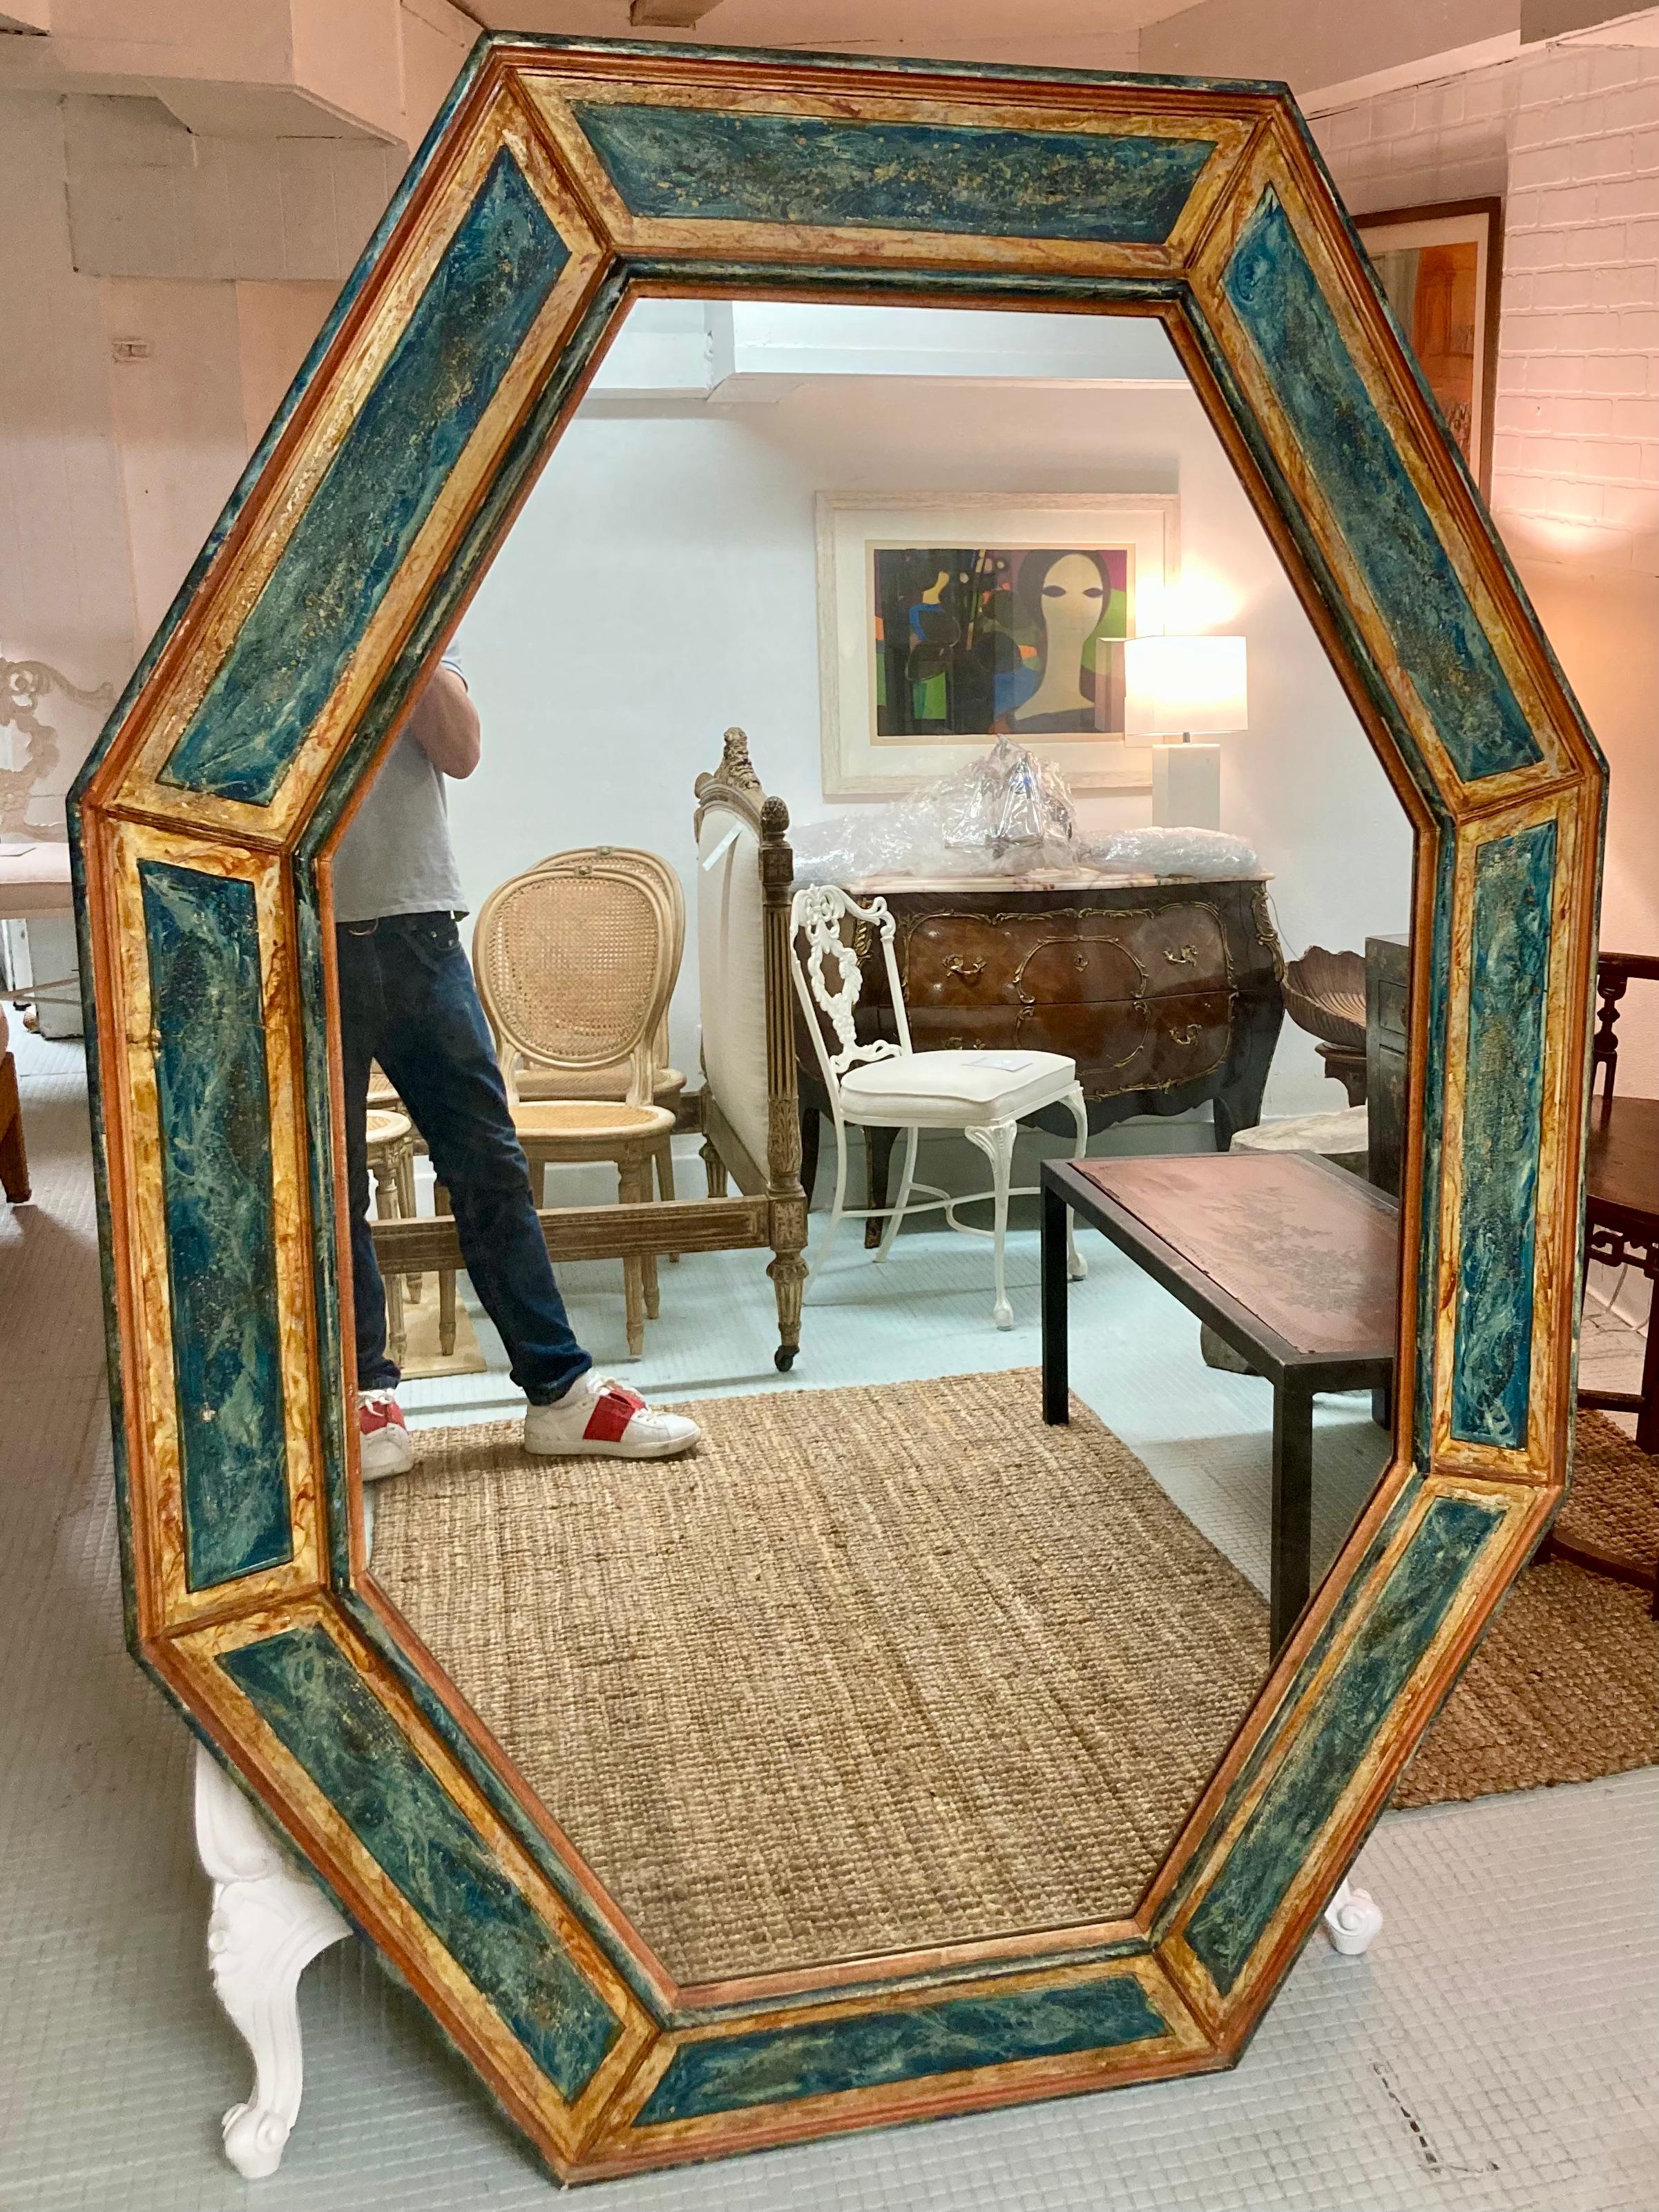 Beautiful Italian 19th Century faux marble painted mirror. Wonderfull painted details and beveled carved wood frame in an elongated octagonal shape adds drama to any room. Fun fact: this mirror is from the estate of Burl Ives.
------------------------------------------------------------
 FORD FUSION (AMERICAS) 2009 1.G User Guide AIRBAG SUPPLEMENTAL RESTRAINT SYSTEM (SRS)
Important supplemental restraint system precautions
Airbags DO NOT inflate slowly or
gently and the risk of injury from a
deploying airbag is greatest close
------------------------------------------------------------
#### Aim of the exercise:
Above this instruction are the records; retype exactly the lines from the one containing "FORD FUSION (AMERICAS)" up to and including the one containing "deploying airbag is greatest close".

#### Answer to the problem:
 FORD FUSION (AMERICAS) 2009 1.G User Guide AIRBAG SUPPLEMENTAL RESTRAINT SYSTEM (SRS)
Important supplemental restraint system precautions
Airbags DO NOT inflate slowly or
gently and the risk of injury from a
deploying airbag is greatest close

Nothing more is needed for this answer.